The Browns were the leaders of a burgeoning drug gang, Best Friends, which was about to ignite a ferocious drug war in Detroit, prosecutors said.
They wanted to know whether Craft could help prepare them for the battle that would follow. Best Friends began as enforcers for drug gangs, later ripped them off and finally killed some of them, Soisson said. Its 25 members didn't know each others' names, only their nicknames: Boogaloo, Ghost, KO, Lunchmeat. Craft was known as Boone because, like Daniel Boone, he was good with a knife. Flush with cash from the sale of crack cocaine, they drove around in Volvos, BMWs and Corvettes. They drank $100 bottles of Dom Perignon. Craft said he tried to instill some discipline in the gang, who often got high before attempted murders, and then go on wild shooting sprees that left holes in each other's clothes.
"They would fire 15 shots and only hit the person with one," he said. "They would be throwing their gun around and shooting innocent bystanders."
Craft taught the gang how to set up a hit by learning the target's daily travel patterns. That way, they could ambush the victim as he left or arrived at home or at work. Dressed in bulletproof vests and body armor suits, they packed M-16 and AK47 rifles and Uzi submachine guns. The gang killed 80 people, which included snitches, competitors, customers who owed money and sometimes family members, prosecutors said.
Members received $10,000 to $30,000 per murder, depending on how much the Brown brothers wanted a target dead. If the price was right, Craft said, he would kill anyone.
But then he turned on the gang after it killed his brother over a drug debt.
During his 1994 testimony against Best Friends, Craft said the gang kept a running list of the people it wanted to kill.
"There was a whole big list of them," he said. "Half the time I wasn't paying too much attention to it. We would just go out and start popping people."
Craft's testimony helped end the decade-long dominance of the gang, Soisson said. Dozens of gang members and associates were convicted of offenses ranging from peddling drugs to murder. When he was trying to get parole in 2002, an assistant Wayne County prosecutor wrote a note on his behalf to the state Department of Corrections.
"He provided invaluable assistance, at great risk to himself, in achieving convictions of a number of individuals in a notorious murder for hire case in federal and state courts," wrote Bob Donaldson. After his rejection for Witness Protection, however, law enforcement officials said there's little they could do for him.

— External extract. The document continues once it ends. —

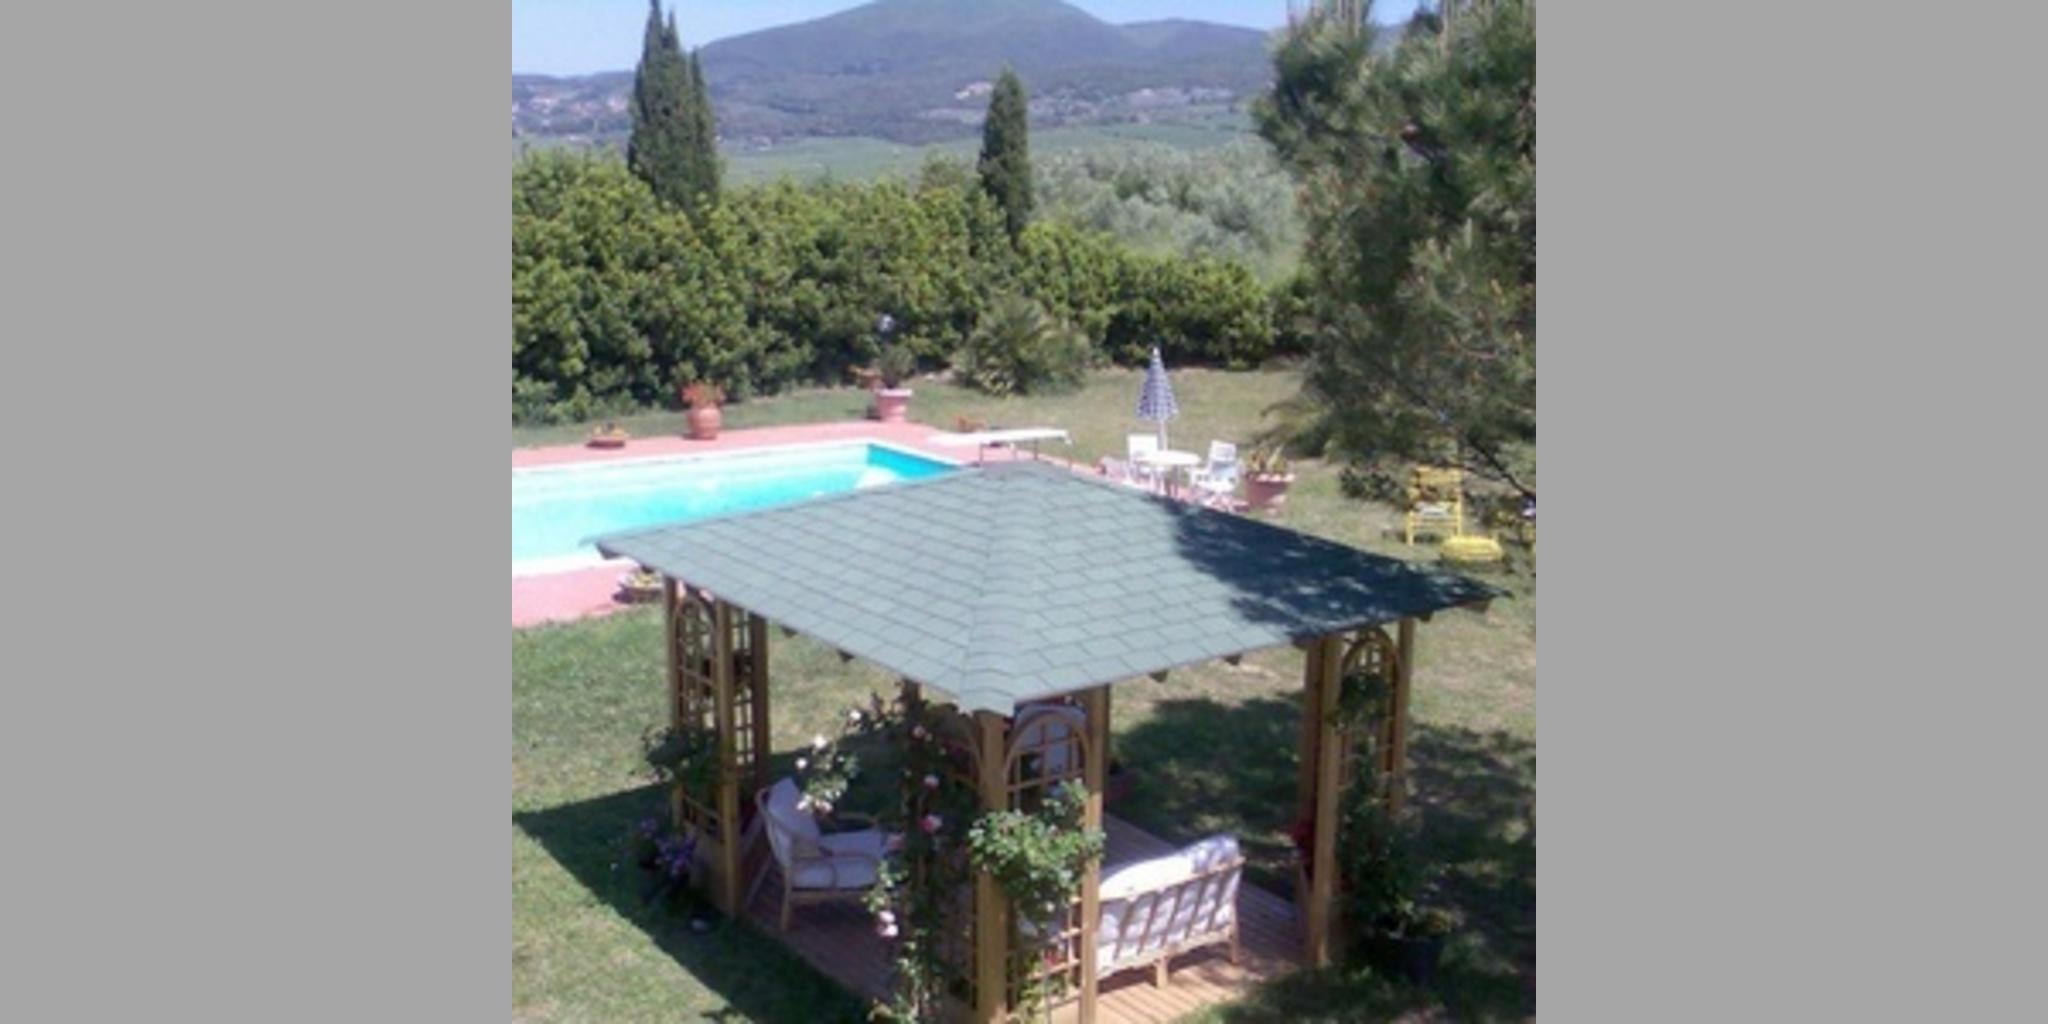 b_TX770_20120722032142_giardino_gazebo.jpg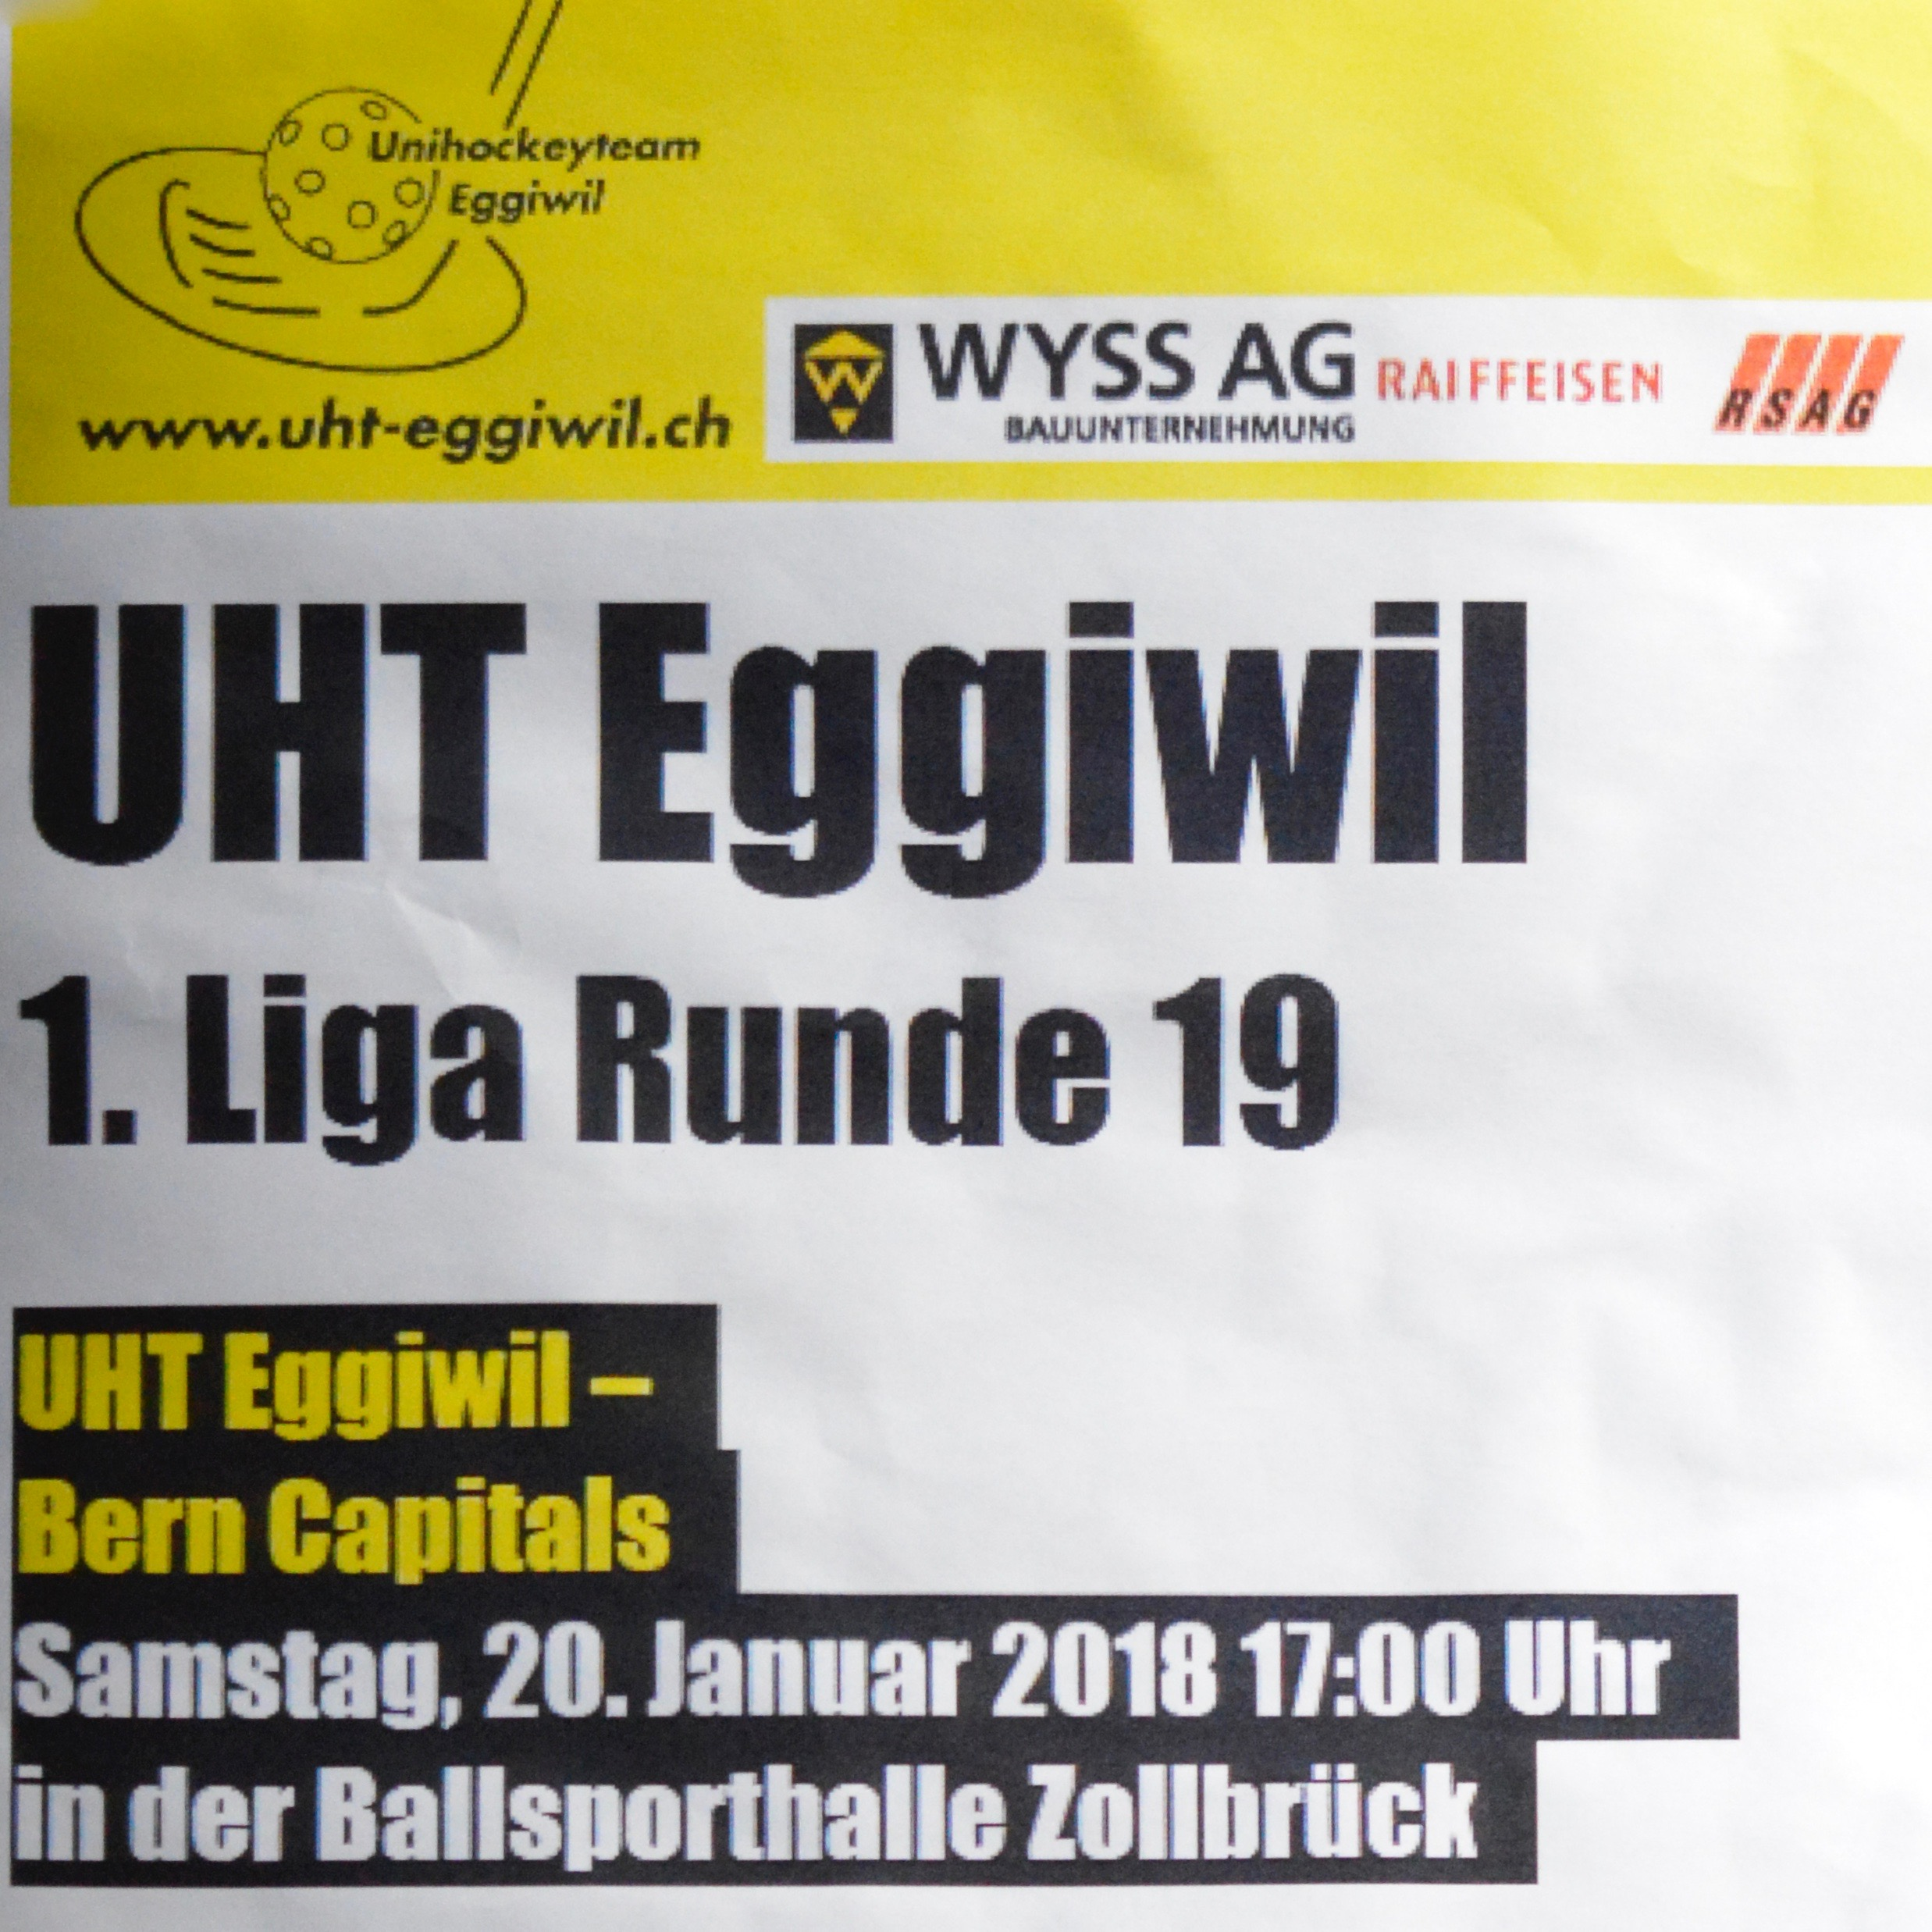 Herren I - Bern Capitals Saison 2017/18

Contacted by a reporter, Donaldson said he wasn't involved in Craft's negotiations for the Witness Protection Program and that there was little he could do for him.
Soisson, who supported Craft's bid, inquired about a possible appeal but was told by the Justice Department that the chances were remote.
As for Craft, he now knows what it's like to live scared, to live like a snitch, the type of person he would have killed in the 1980s.
Stuck indoors, he said he feels like he's still in prison. For money, he relies on help from struggling relatives. With the curtains drawn, he sits inside his darkened living room, watching a lot of TV. He occasionally peeks out the window, watching people as they walk by.